**AIM OF THE EXERCISE**
Within the records below, find the line with "Oilfield Wiring Diagrams" and the line with "215d2c1fa RX301 Pro", then reproduce exactly those two lines and all lines between them, without any picture.

**DATASET CONTENT**
%%
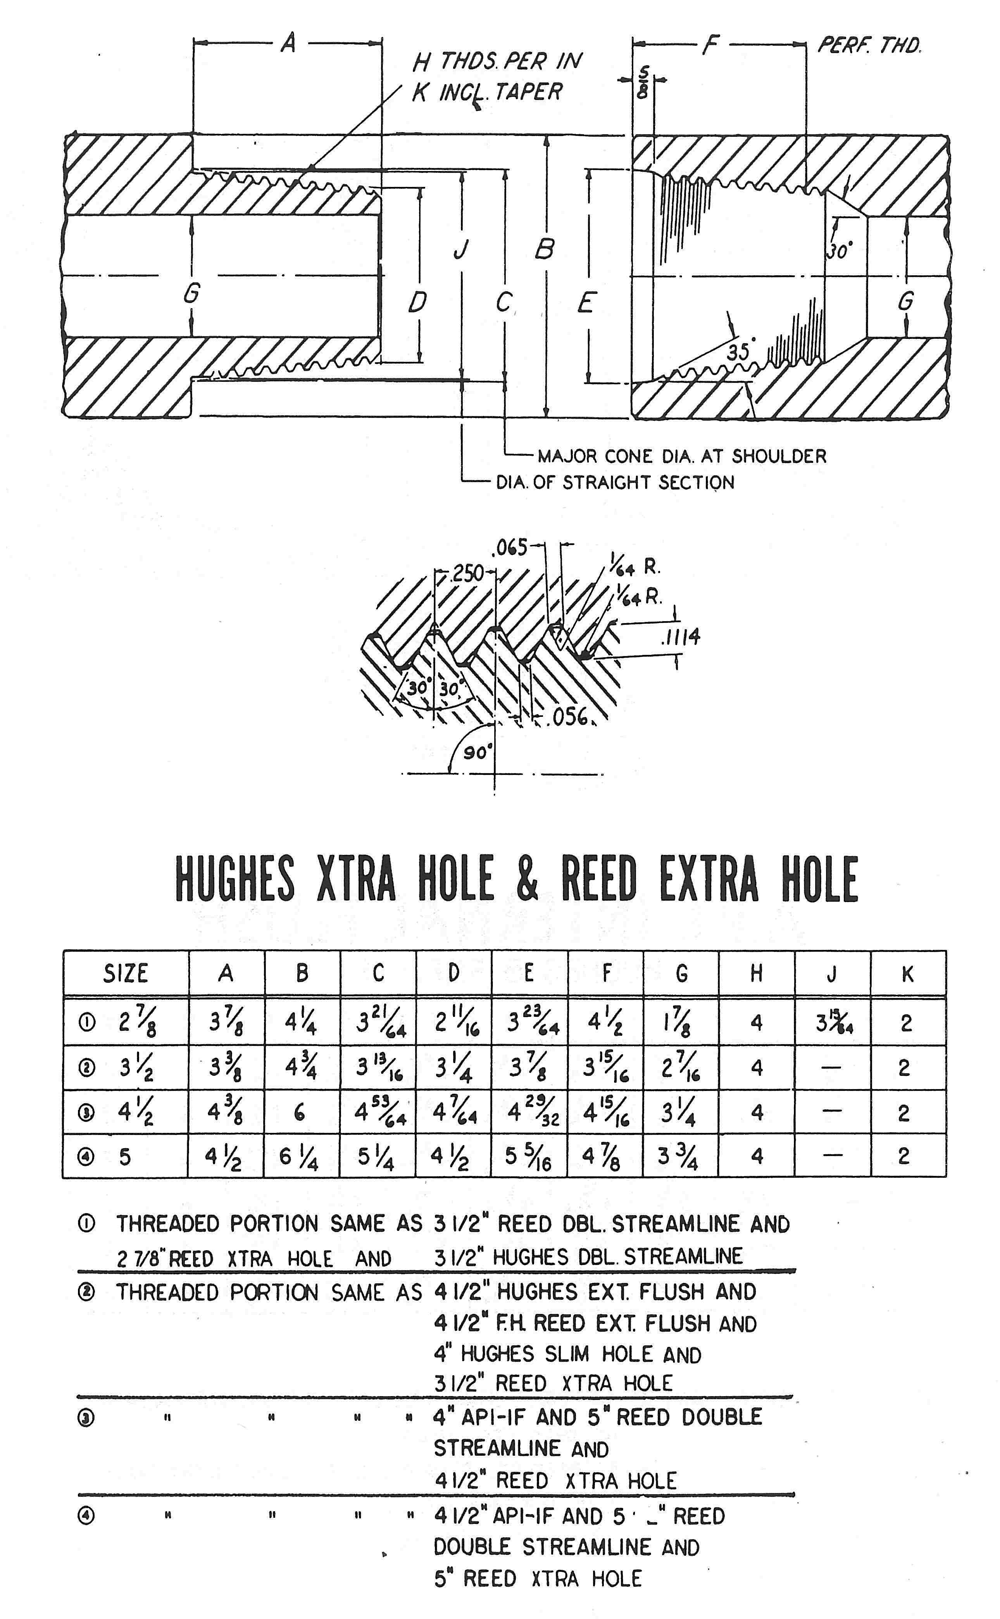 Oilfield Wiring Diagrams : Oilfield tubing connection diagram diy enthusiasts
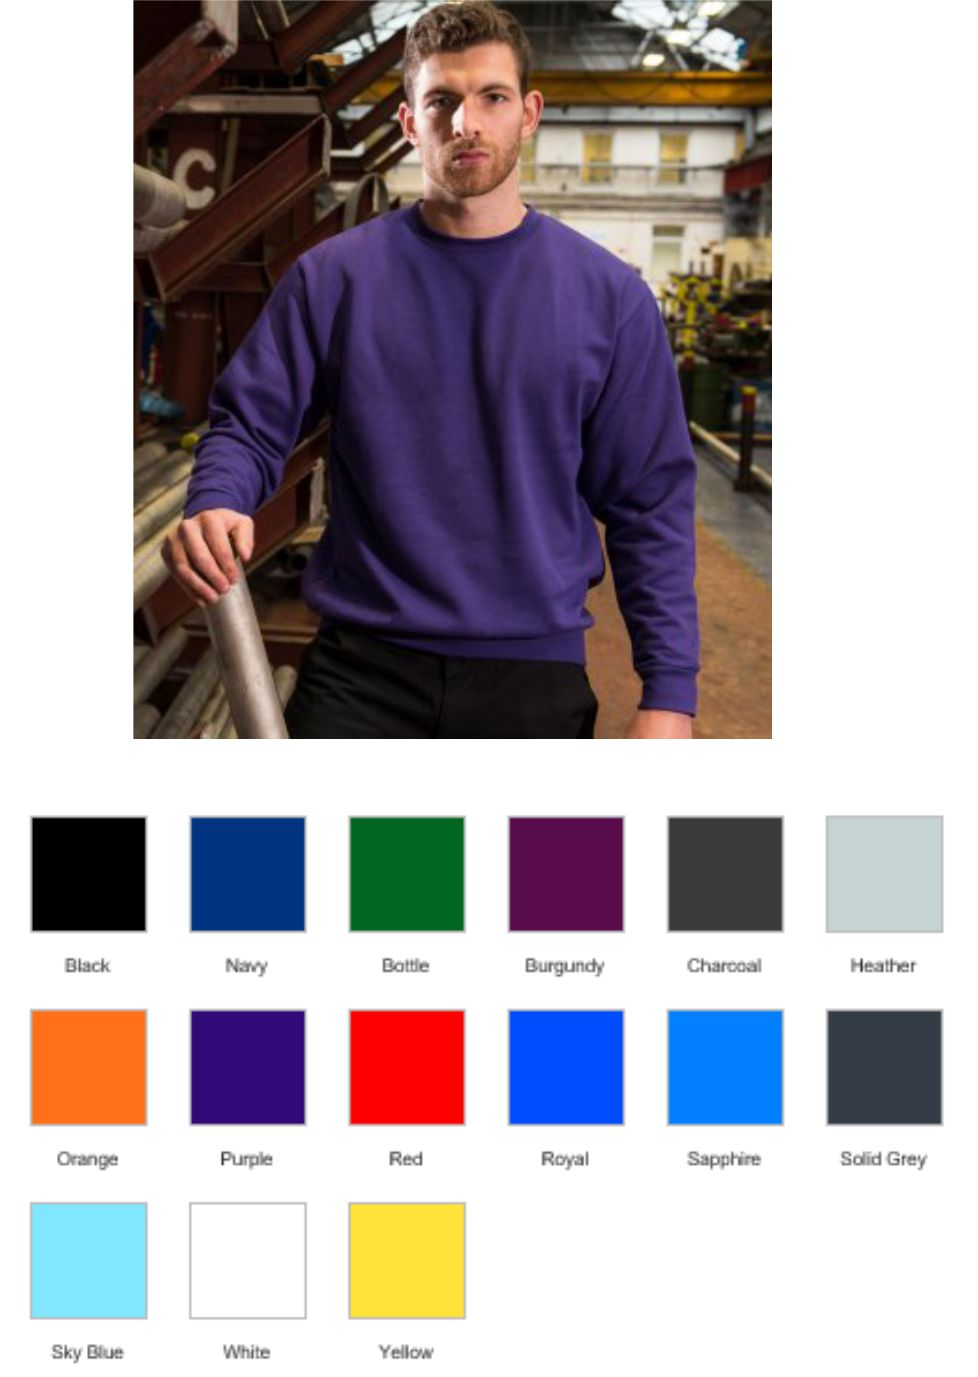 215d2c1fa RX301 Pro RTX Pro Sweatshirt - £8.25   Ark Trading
%%
%%
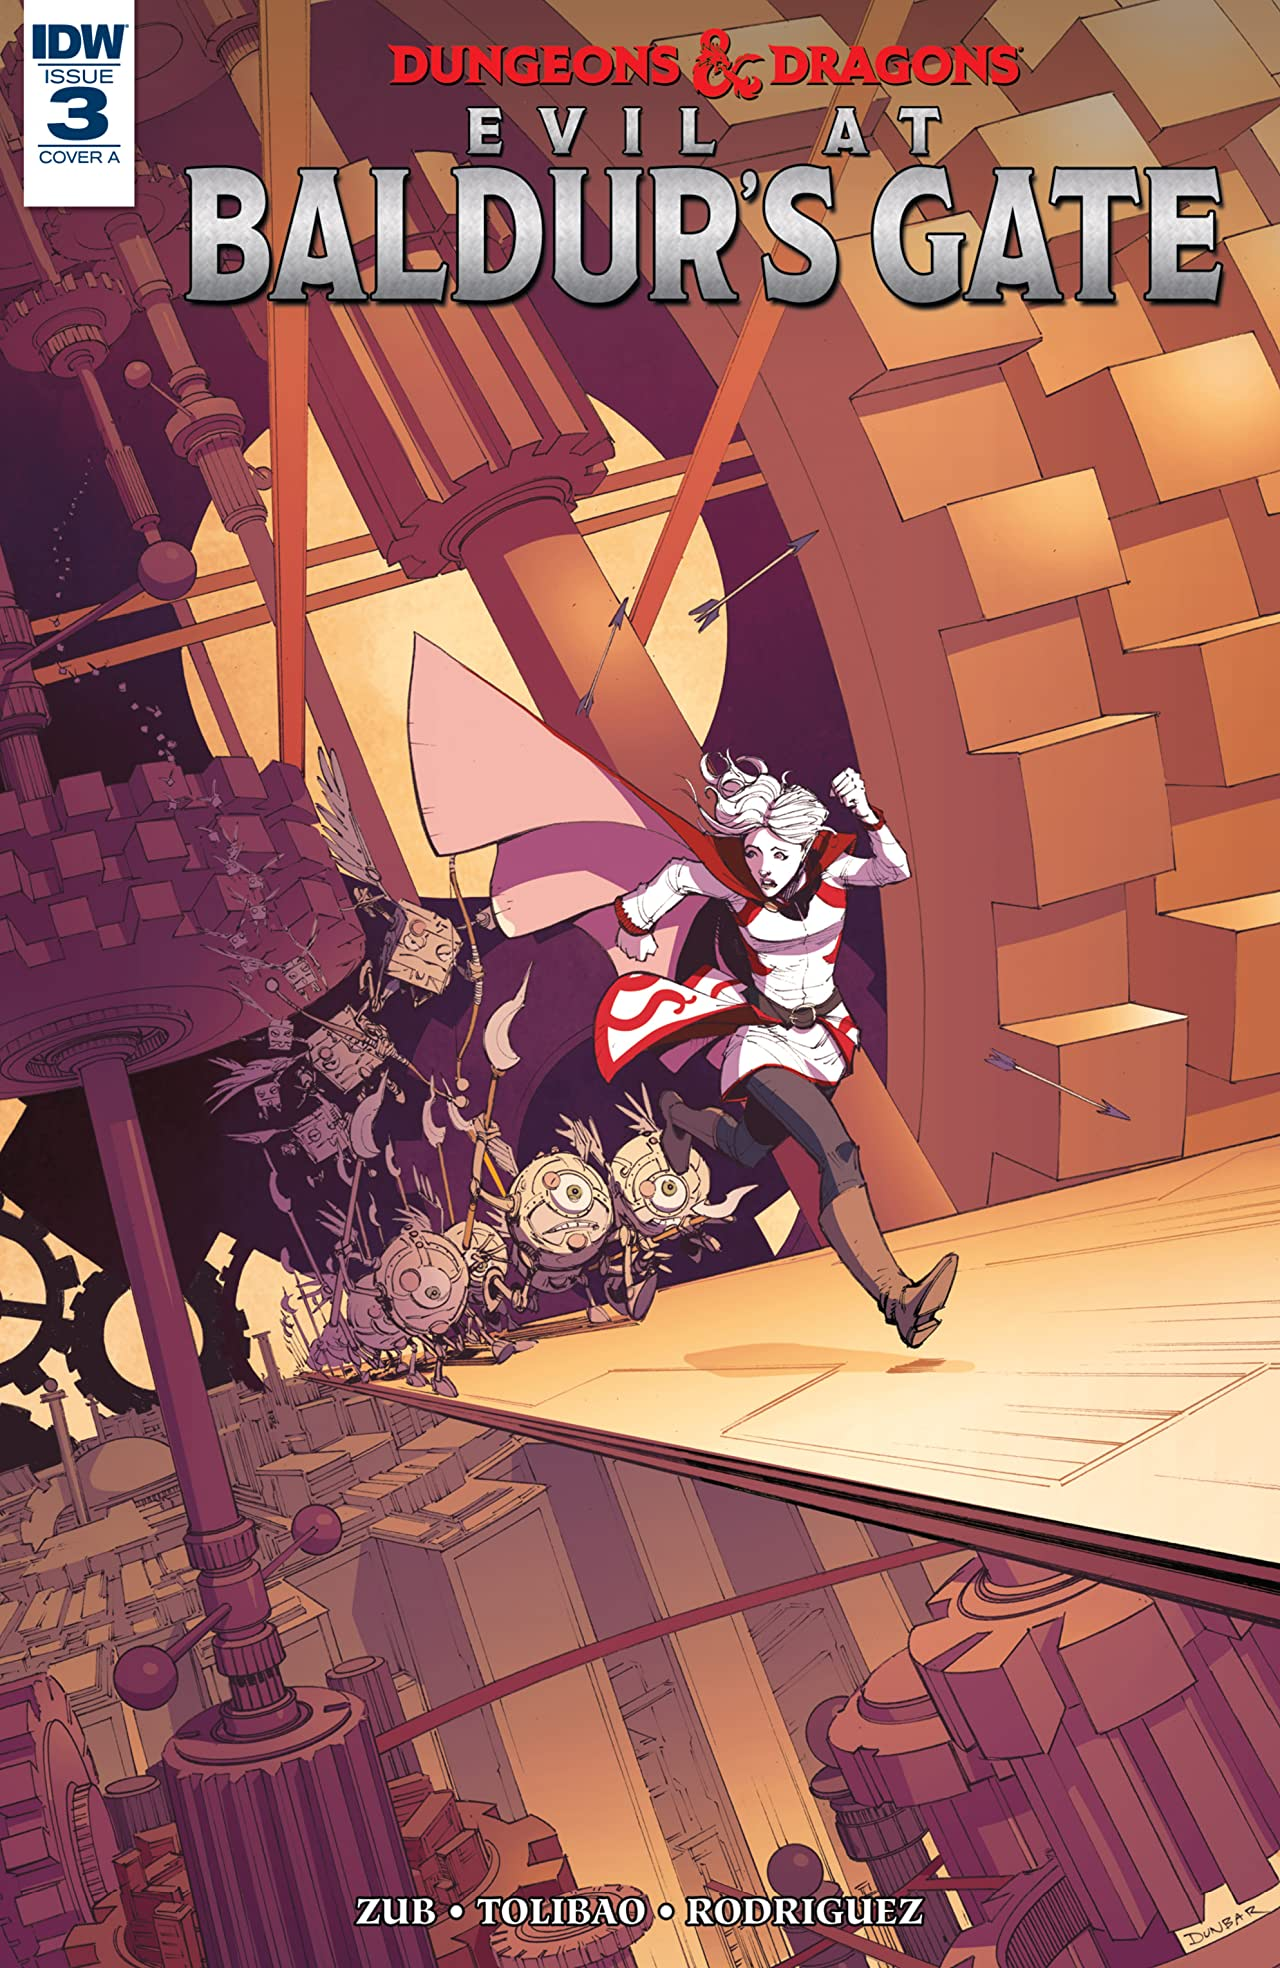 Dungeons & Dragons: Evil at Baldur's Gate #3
%%
**FINISHED TASK**
 Oilfield Wiring Diagrams : Oilfield tubing connection diagram diy enthusiasts
 215d2c1fa RX301 Pro RTX Pro Sweatshirt - £8.25   Ark Trading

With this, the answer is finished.